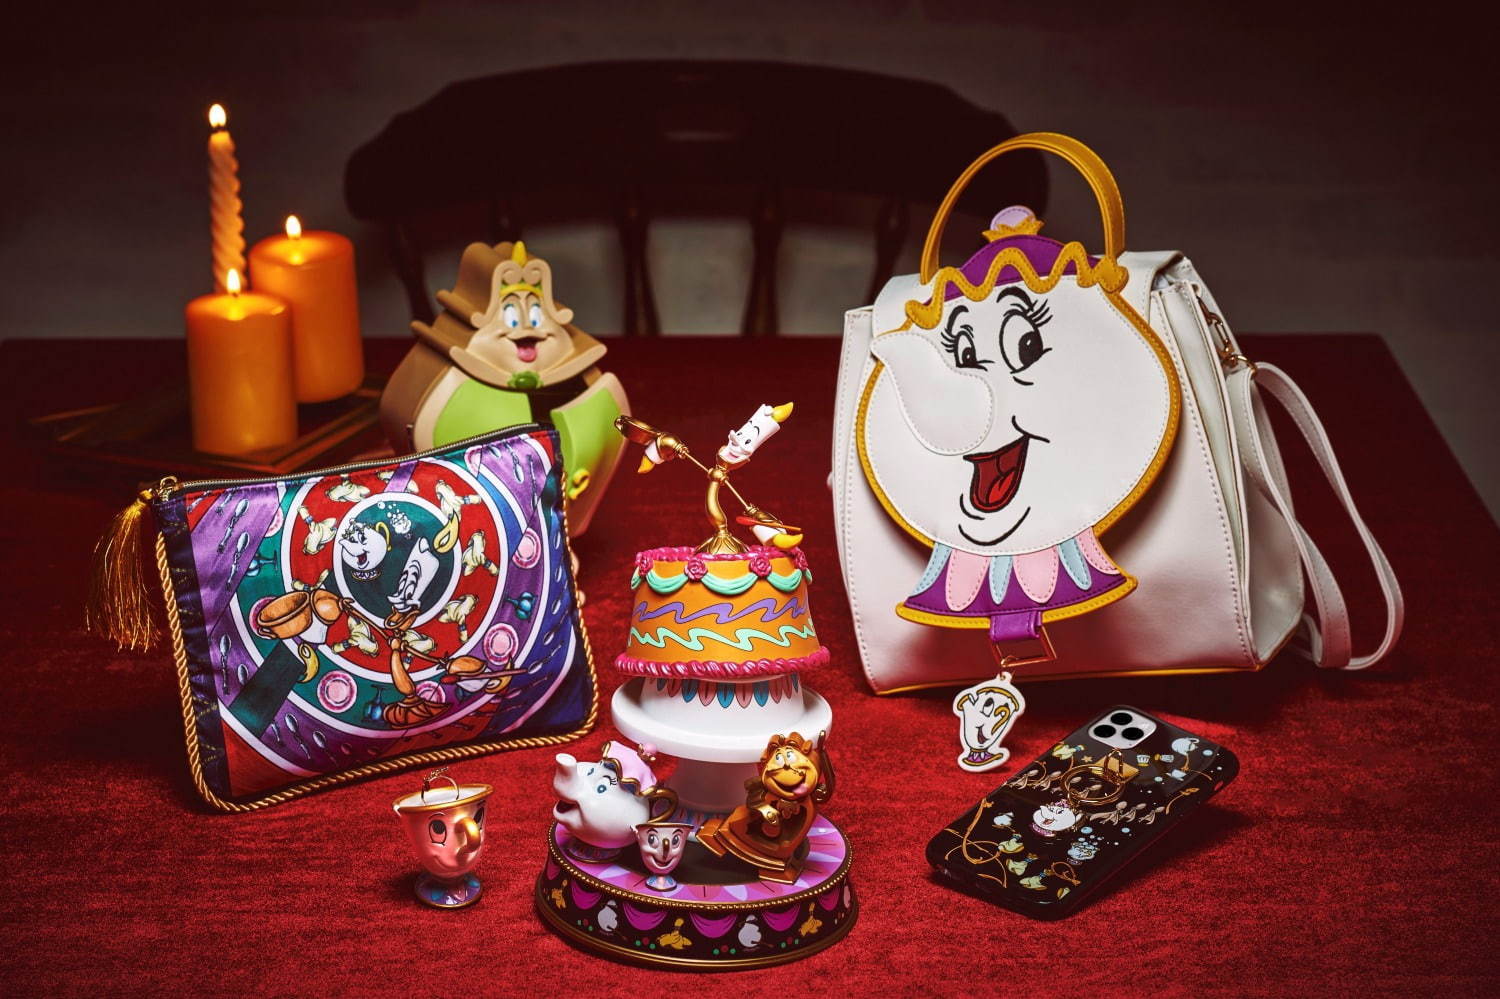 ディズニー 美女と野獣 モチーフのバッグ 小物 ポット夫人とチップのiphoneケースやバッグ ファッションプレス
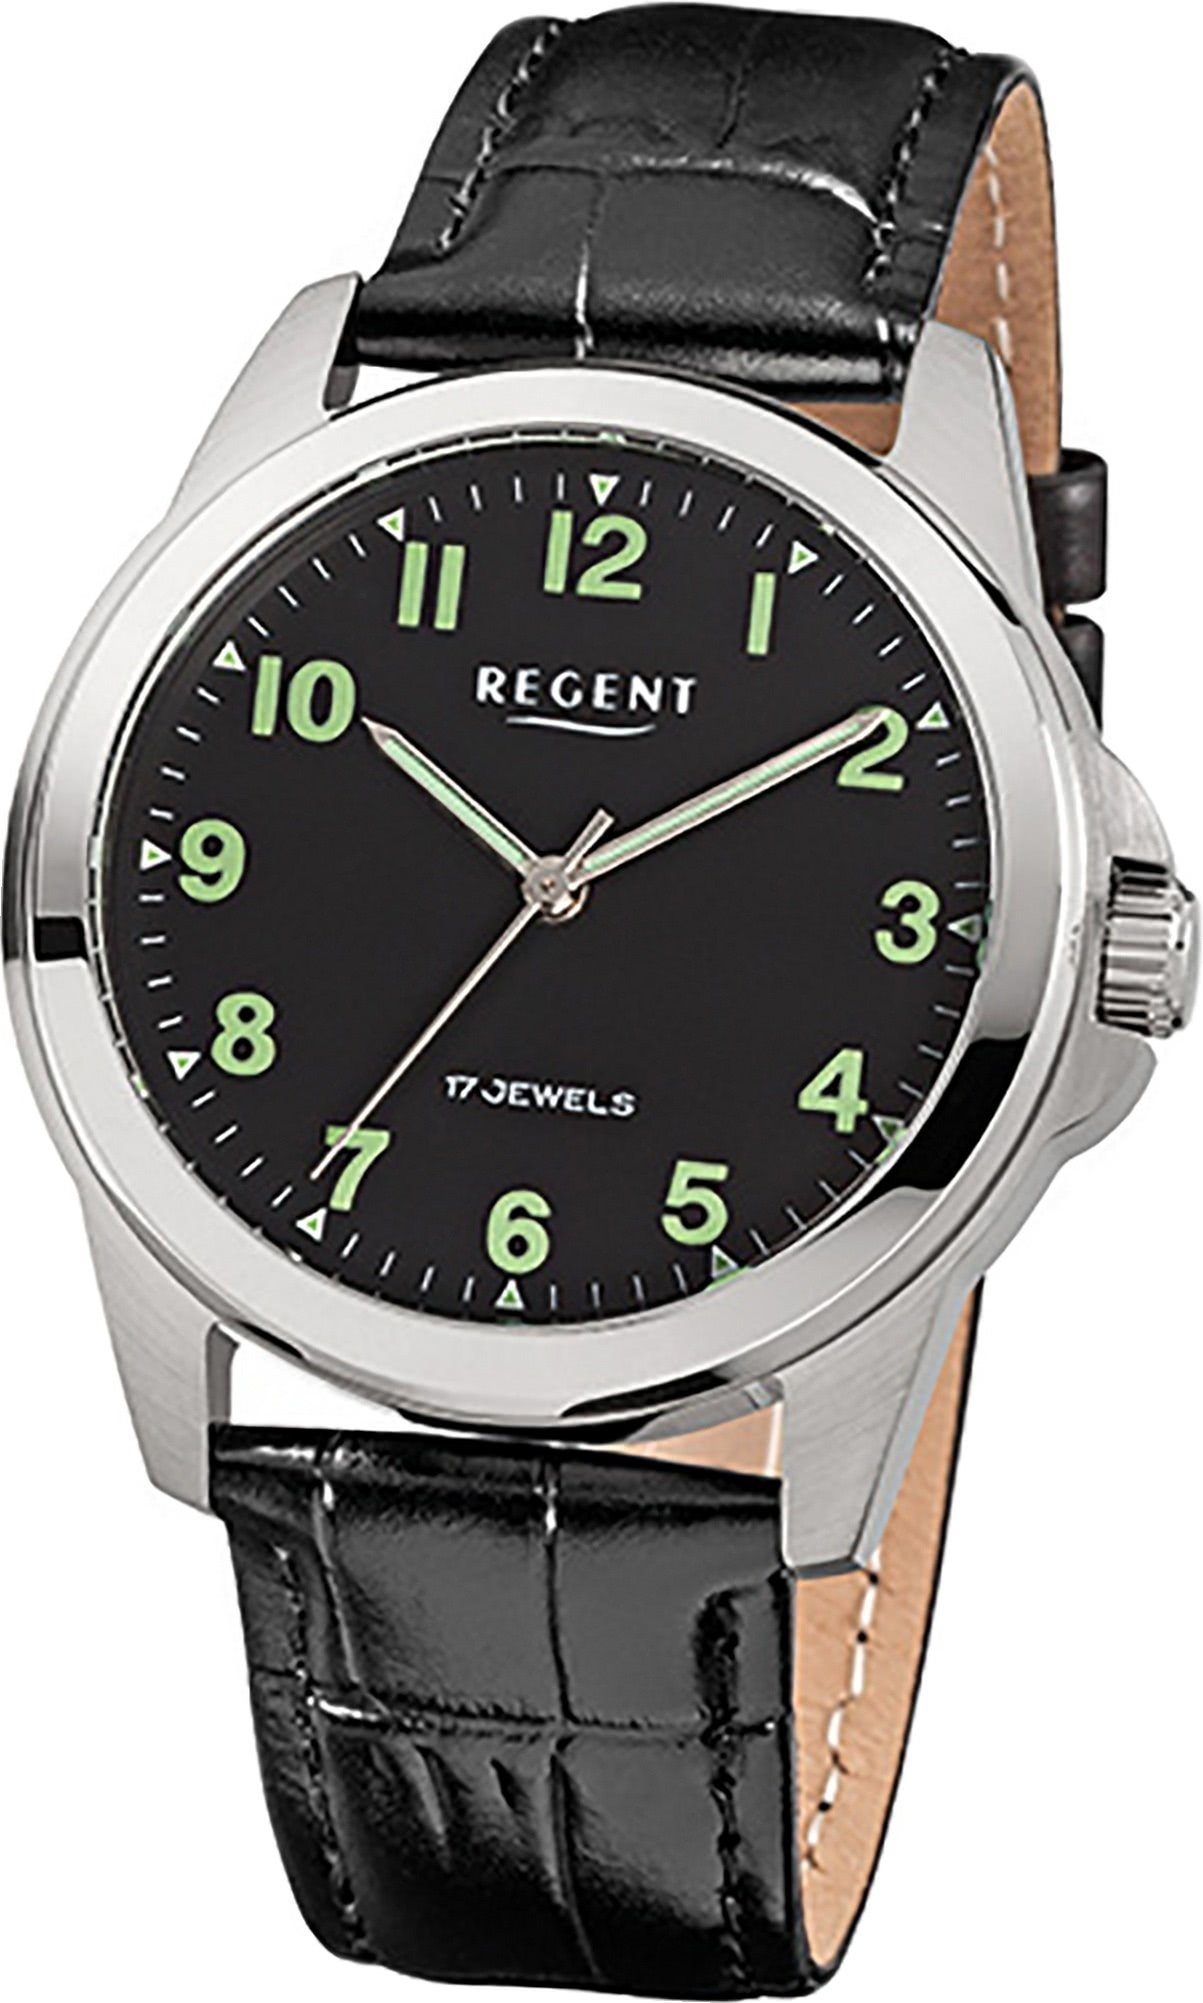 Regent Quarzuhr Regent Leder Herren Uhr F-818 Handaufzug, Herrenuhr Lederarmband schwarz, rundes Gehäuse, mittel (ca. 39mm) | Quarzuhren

########################################

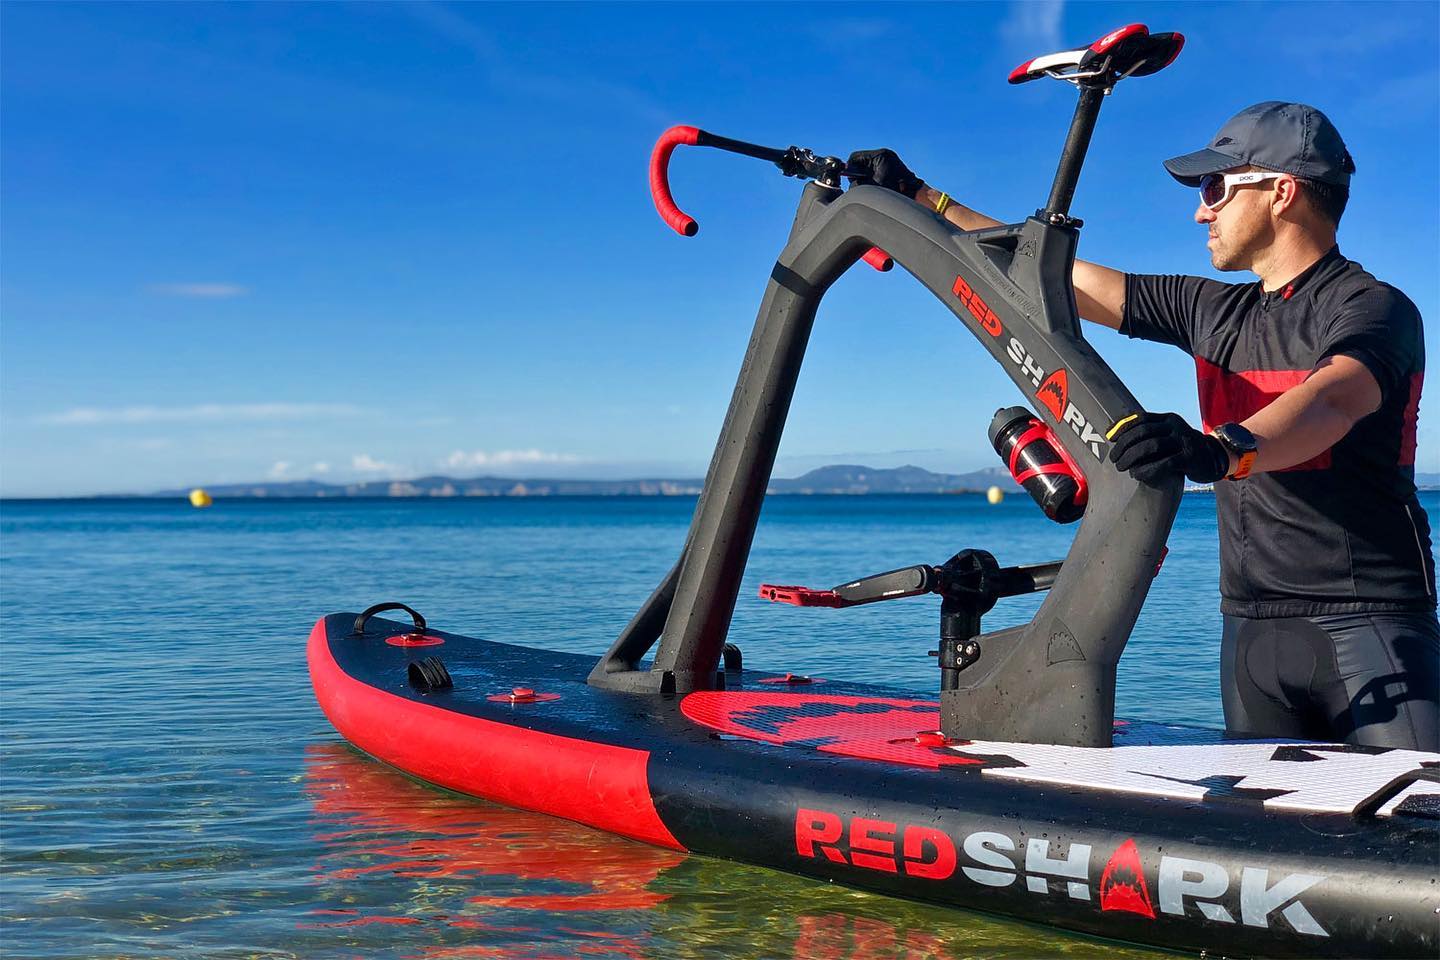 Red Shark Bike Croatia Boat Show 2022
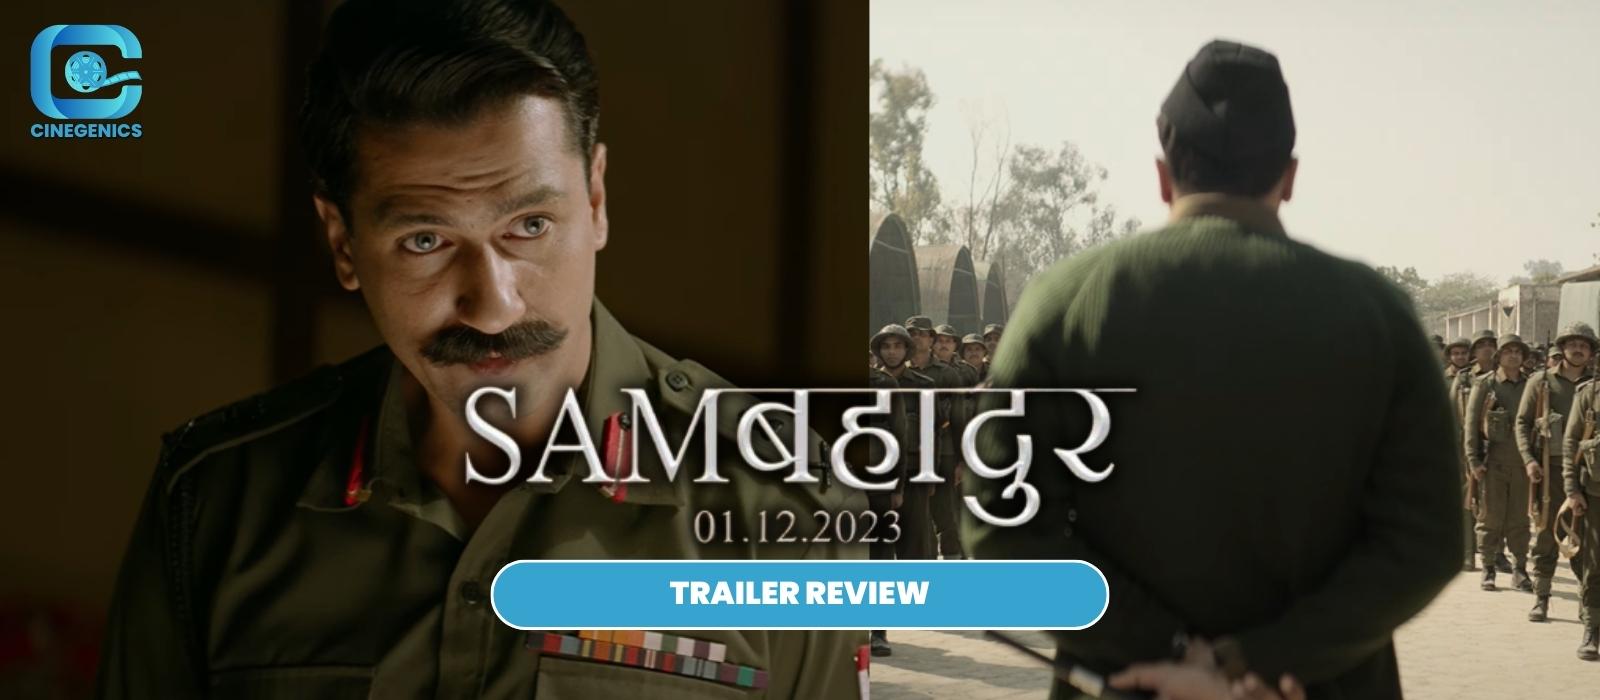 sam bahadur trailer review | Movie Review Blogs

########################################

▶ EXERCISE INSTRUCTIONS:
In the entries above, find the line containing "ディズニー 美女と野獣 モチーフのバッグ" and the line containing "Regent Quarzuhr Regent"; give again exactly those two lines and every line between them, minus the pictures.

▶ EXERCISE SOLUTION:
 ディズニー 美女と野獣 モチーフのバッグ 小物 ポット夫人とチップのiphoneケースやバッグ ファッションプレス
 Regent Quarzuhr Regent Leder Herren Uhr F-818 Handaufzug, Herrenuhr Lederarmband schwarz, rundes Gehäuse, mittel (ca. 39mm) | Quarzuhren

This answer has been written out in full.